*Data excerpt*
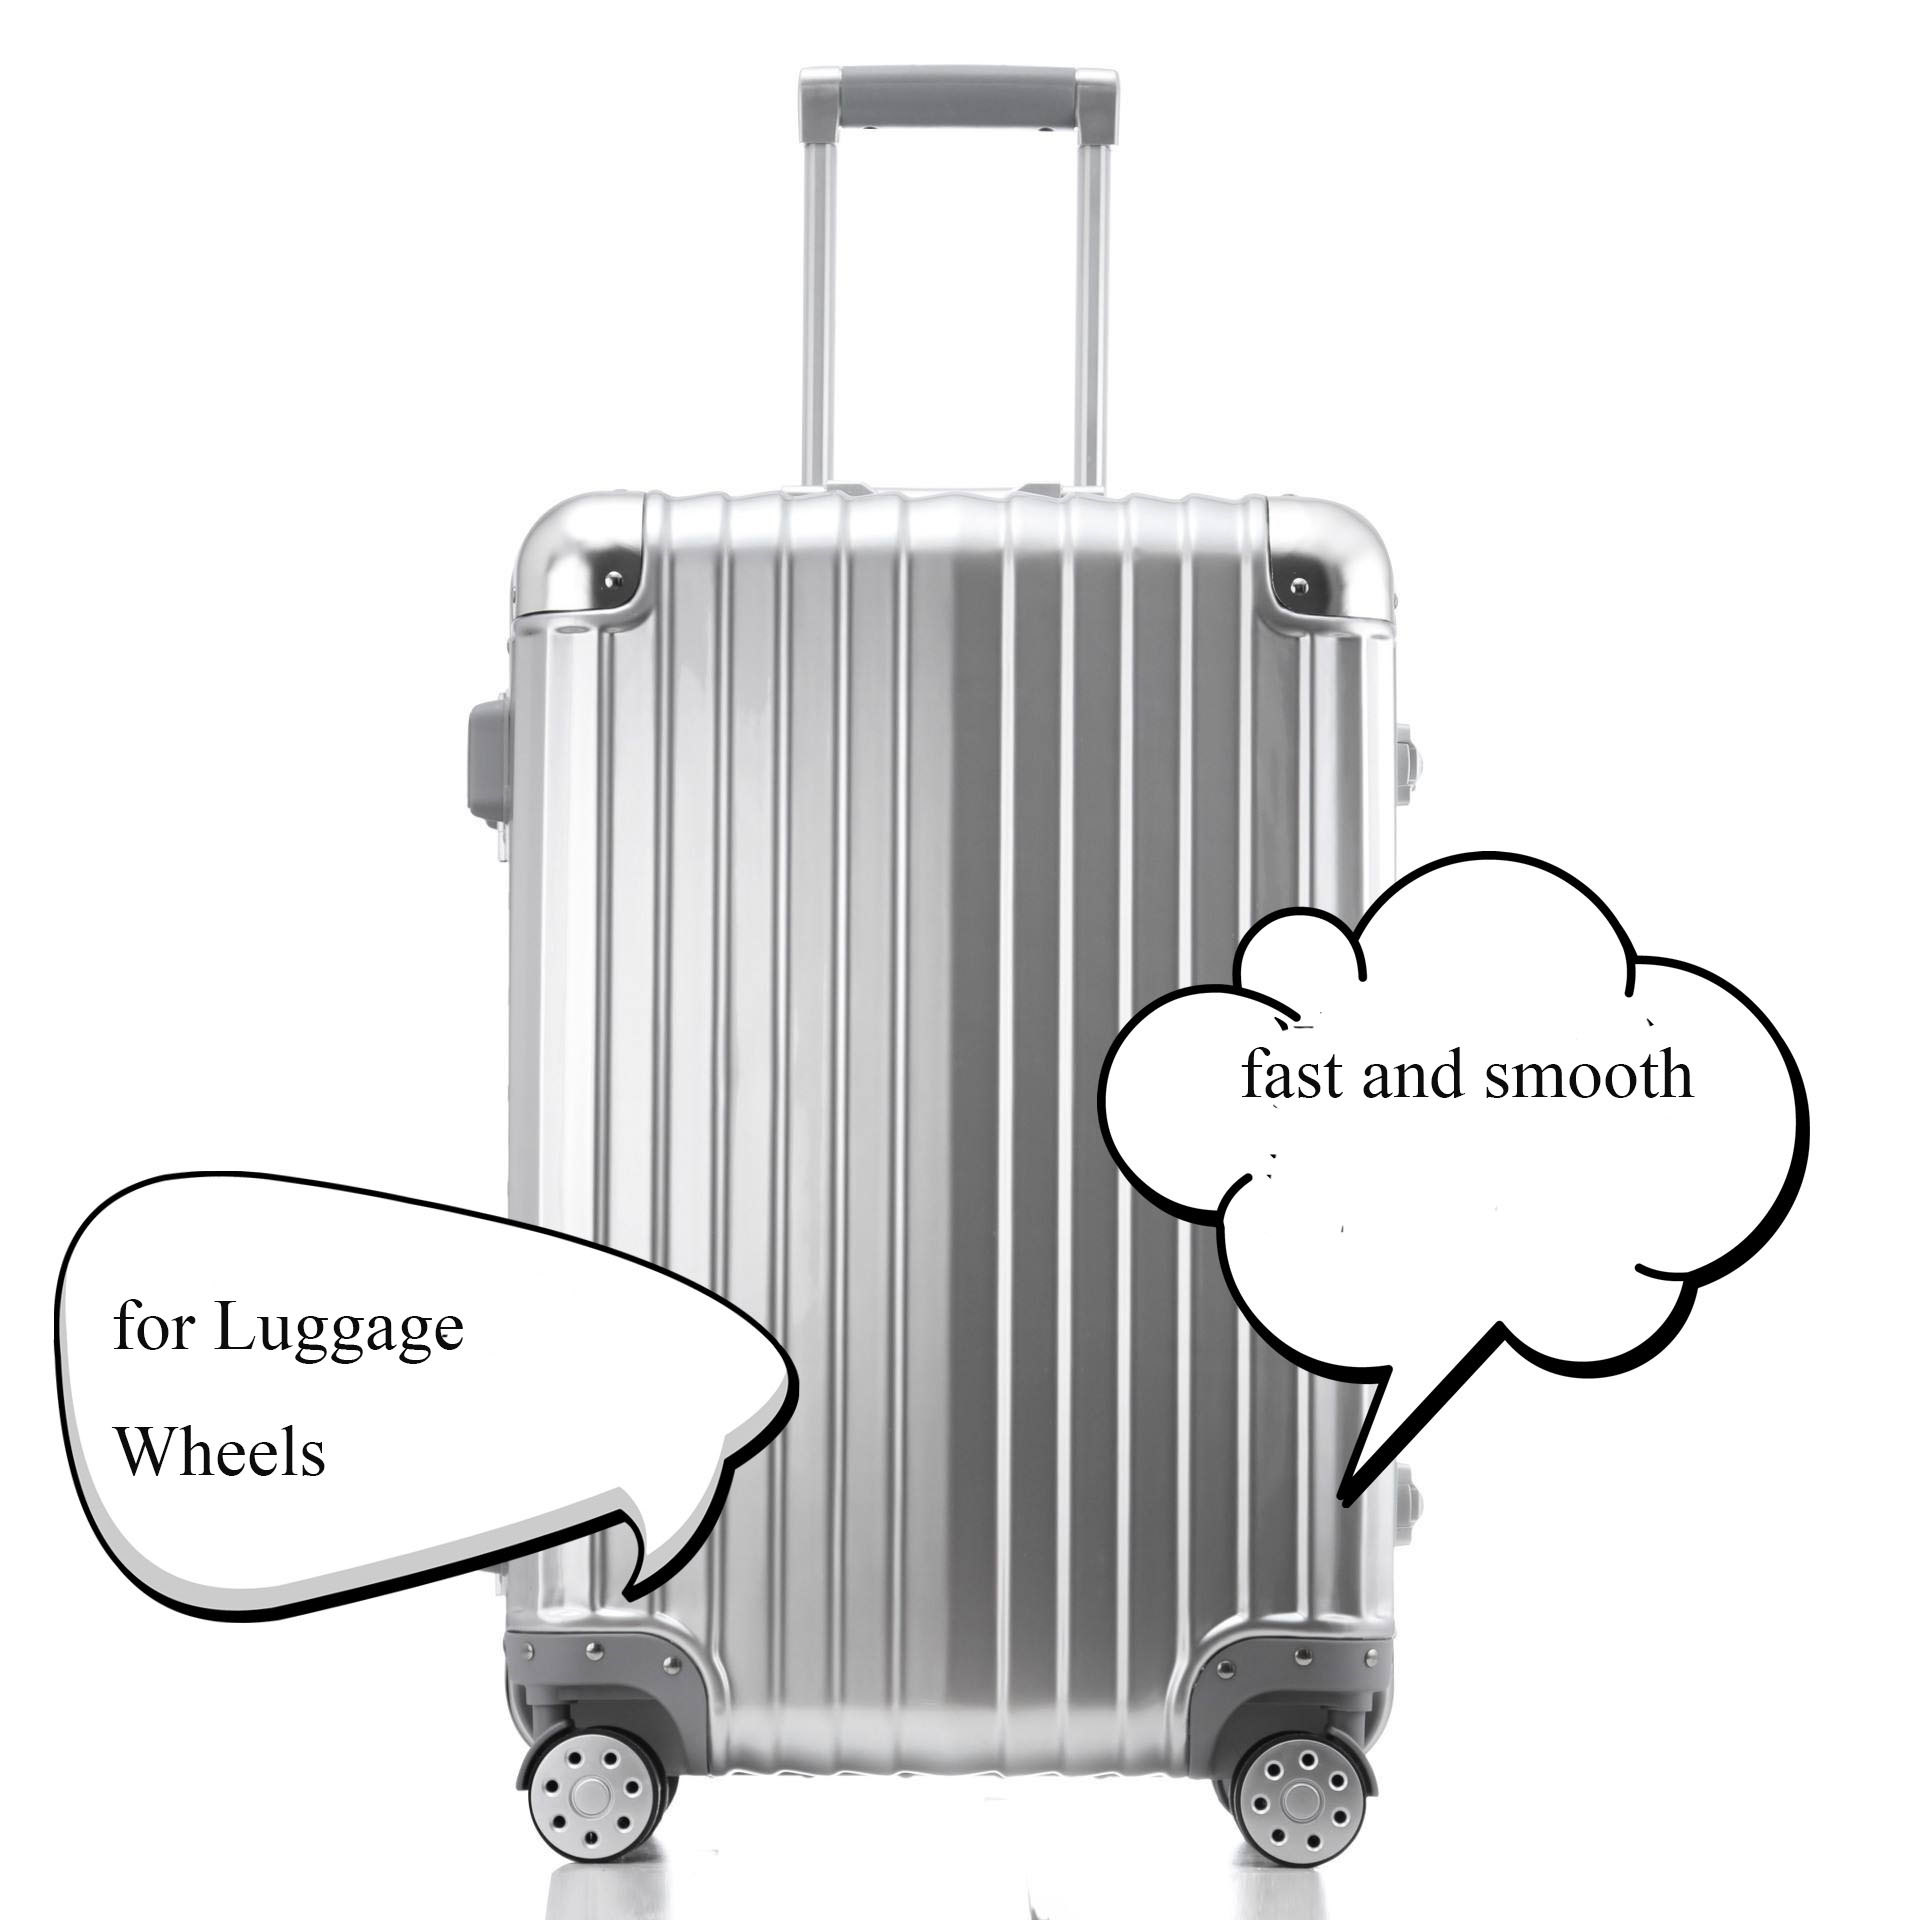  luggage wheel
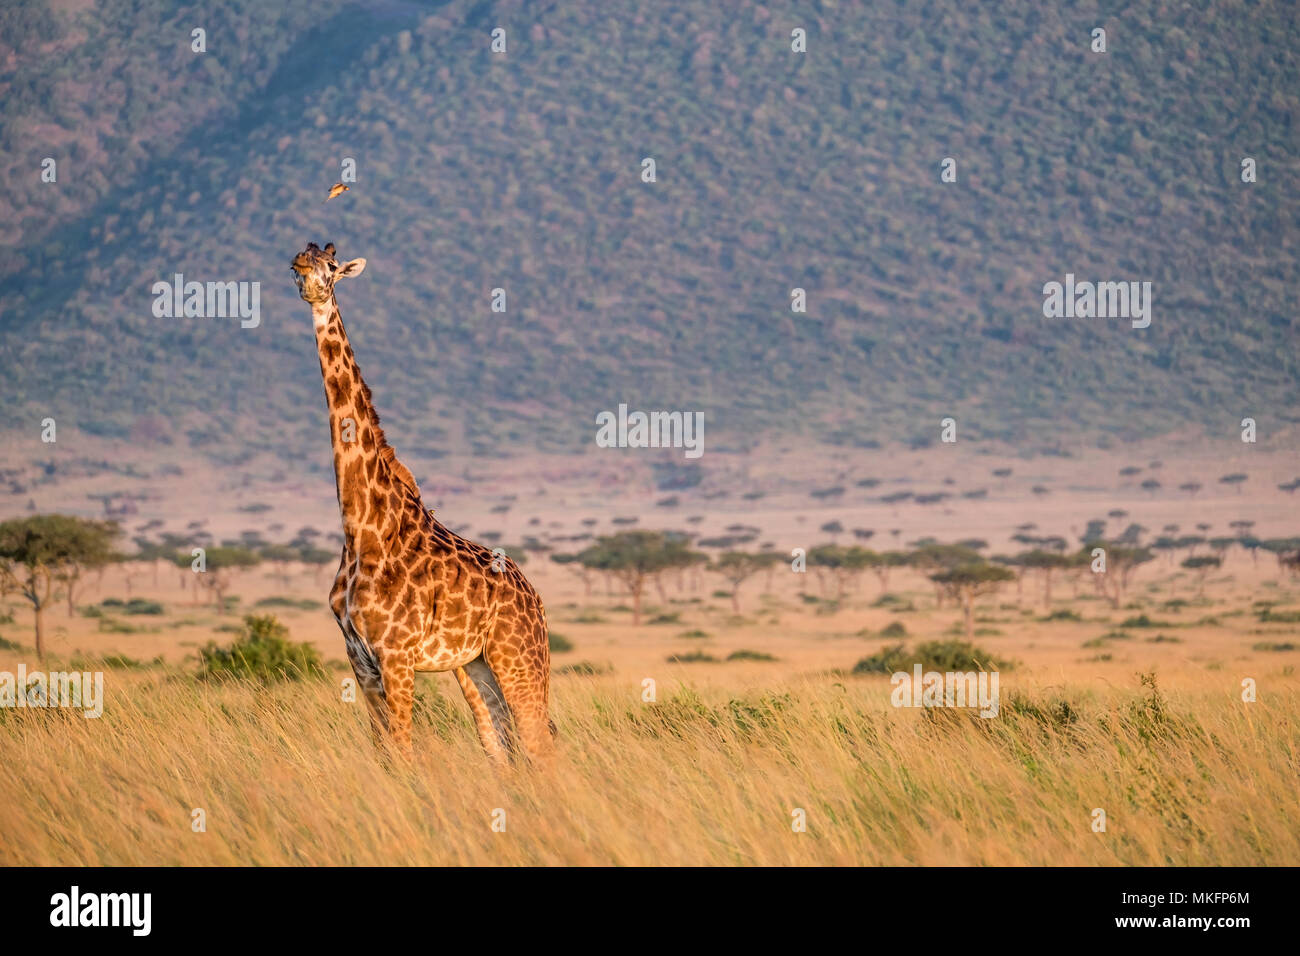 Masai giraffe (Giraffa camelopardalis tippelskirchi), male in the plains chasing an Oxpecker, Masai-Mara National Reserve, Kenya Stock Photo
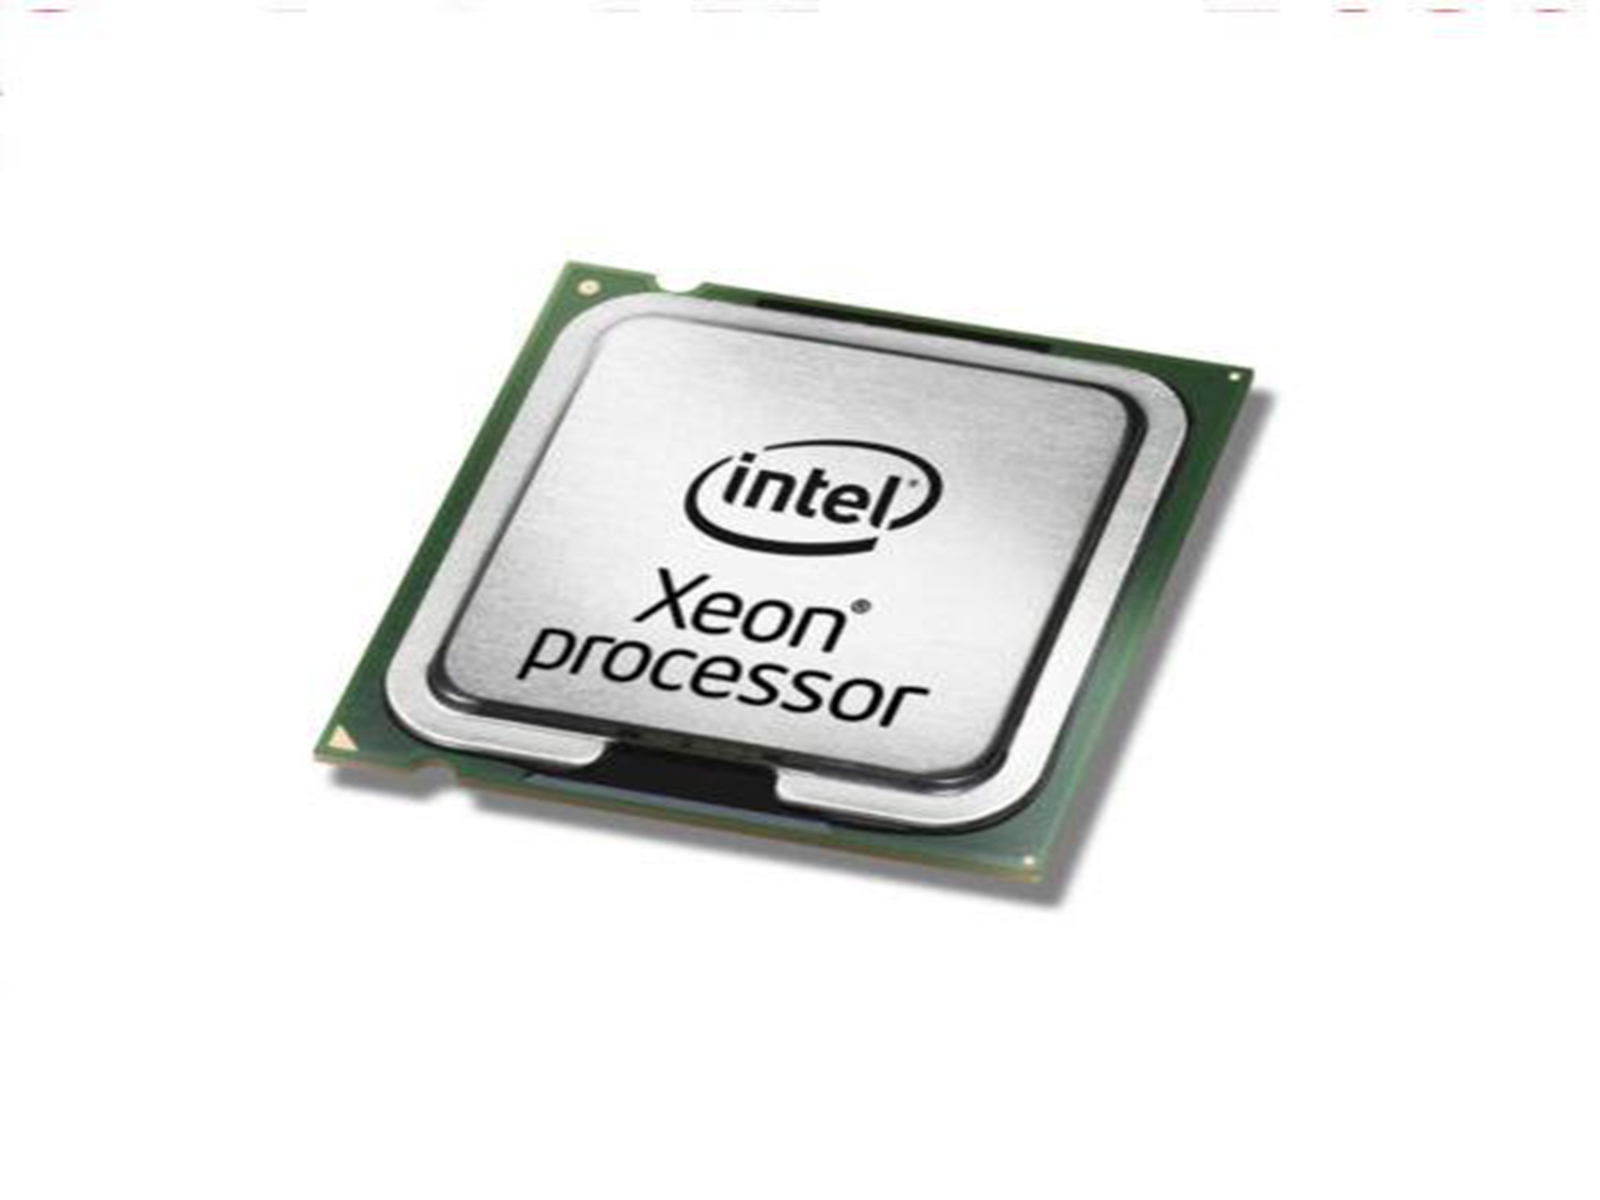 Intel Xeon E5320 cpu

*Try it*
All the material above must be copied exactly, and no picture belongs in the copy.

*Response to this task*
  luggage wheel
 Masai giraffe (Giraffa camelopardalis tippelskirchi), male in the plains chasing an Oxpecker, Masai-Mara National Reserve, Kenya Stock Photo
 Intel Xeon E5320 cpu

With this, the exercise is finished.